Тезис о подражании древним, ценностное возвышение поэзии как привилегированного рода деятельности, представление о поэте как о пророке, который вместе с тем должен владеть и “искусством поэзии”, получили широкое распространение и углубленную трактовку во второй половине XVI в., оказав прямое влияние на формирование доктрины классицизма, предшественницей которого во многих отношениях явилась Плеяда.


Главой Плеяды и самым выдающимся поэтом французского Возрождения был Пьер де Ронсар (1524-1585). Беспримерный поэтический темперамент Ронсара был в первую очередь связан с его самоощущением провидца, способного вобрать в себя всю вселенную и поведать о ней на языке античной мудрости. Современников Ронсара поражало то, что он совершенно свободно и с равным успехом - подобно Протею - умел перевоплощаться в Гомера, Пиндара, Феокрита, Вергилия, Горация, Катулла, Петрарку.


Эта особенность ярко проявилась в одном из первых произведений Ронсара - в его “Одах” (1550-1552), пяти книгах, написанных в подражание Пиндару и Горацию. По своей непосредственной тематике “Оды” - это славословия в честь современников - короля и королевы, выдающихся военачальников, ученых-гуманистов, поэтов и т. п., а по своему общему смыслу - это хвалебные песнопения, прославляющие благо одухотворенного мироздания, торжество нетленной поэзии и человеческого духа над смертью и быстротечностью земного существования. “Оды” исполнены едва ли не вселенского величия и пафоса именно потому, что в них Ронсар, как и всякий одический поэт, бескорыстно и чистосердечно любит только [119-120] тот предмет, о котором поет, а вовсе не “себя в предмете”. В “Одах” нет любования автора собой, но есть гордость и благодарность певца божеству за то, что оно сделало его своим избранником. Ронсар ощущает себя священным орудием в руках Муз и потому, подражая Пиндару, строит свои оды как экстатические “выкрики”, что выражается во вдохновенной хаотичности композиции, в господстве эмоционально-ассоциативных связей над логическими, в произвольности и усложненности синтаксиса, нагнетании метафор и т. п.; смысловой и стилистической доминантой од становится символическая многозначительность и патетика.

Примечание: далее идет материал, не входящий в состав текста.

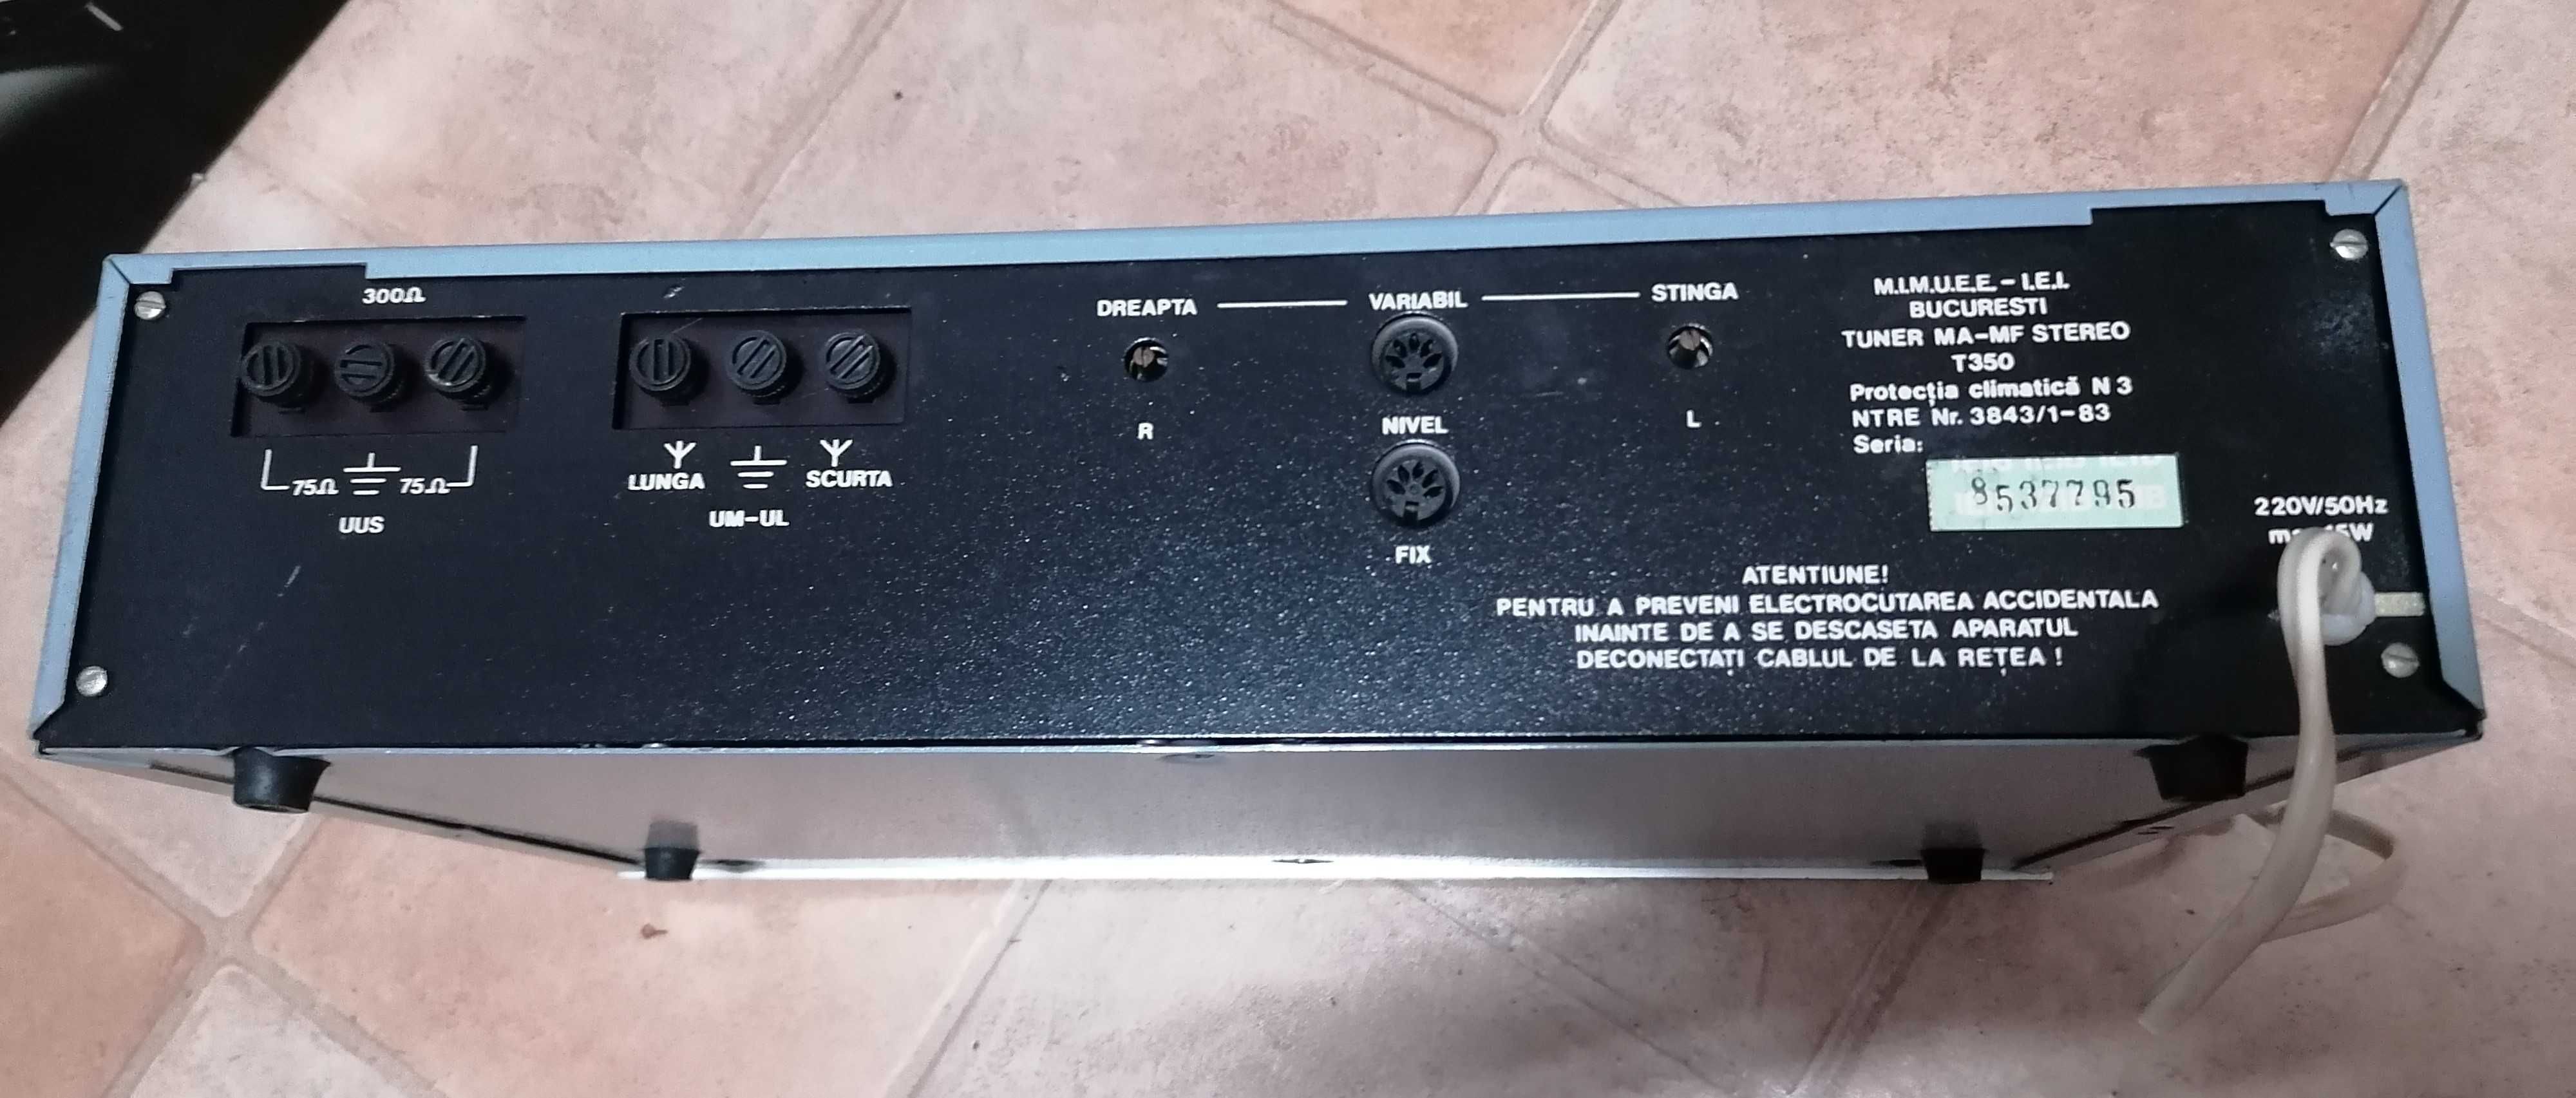 Tuner Stereo T350 Vintage

Если в “Одах” Ронсар имитировал Пиндара и Горация, то писавшиеся параллельно “Любовные стихи” (1552-1553) ориентированы прежде всего на петраркистский канон, обогащенный (в частности, благодаря влиянию “лионской школы”) неоплатоническими мотивами, а также куртуазным кодексом любовного поведения. Тема “Любовных стихов” - воспевание возвышенной и неразделенной любви к даме, выведенной под именем Кассандры. Основной прием, применяемый здесь Рансаром, - мифологическая стилизация образа лирического героя, предмета его любви и самого любовного чувства. Как этот прием, так и технические эффекты самого Петрарки давно уже стали общим местом у многочисленных итальянских и французских петраркистов. В их сонетах формальная отделанность стихов превращалась в самоцель, а сами стихи - в виртуозные, но рассудочные упражнения на заданную тему. Между тем любой канон способен жить лишь до тех пор, пока не вырождается в штамп. Это значит, что подлинный поэт-традиционалист, отнюдь не выходя из-под власти такого канона, должен интенсивно насыщать его так, чтобы превысить обычные, “средние” требования, к нему предъявляемые. Именно это и удалось сделать Ронсару в “Любовных стихах”, где он словно бросает вызов “школьному” благоразумию эпигонов Петрарки. Нагнетая анафоры и анафорические восклицания, оживляя петрарковские параллелизмы, играя на контрастах между длинными синтаксическими периодами, занимающими иной раз по три строфы, и краткими, энергичными концовками, перемежая смиренные признания в целомудренном поклонении с безудержными всплесками чувственного вожделения и т. п., Ронсар насытил петраркистский канон эмоционально, придал ему [120-121] динамизм и эротическую мощь, окружил свои стихи ореолом профетической озаренности.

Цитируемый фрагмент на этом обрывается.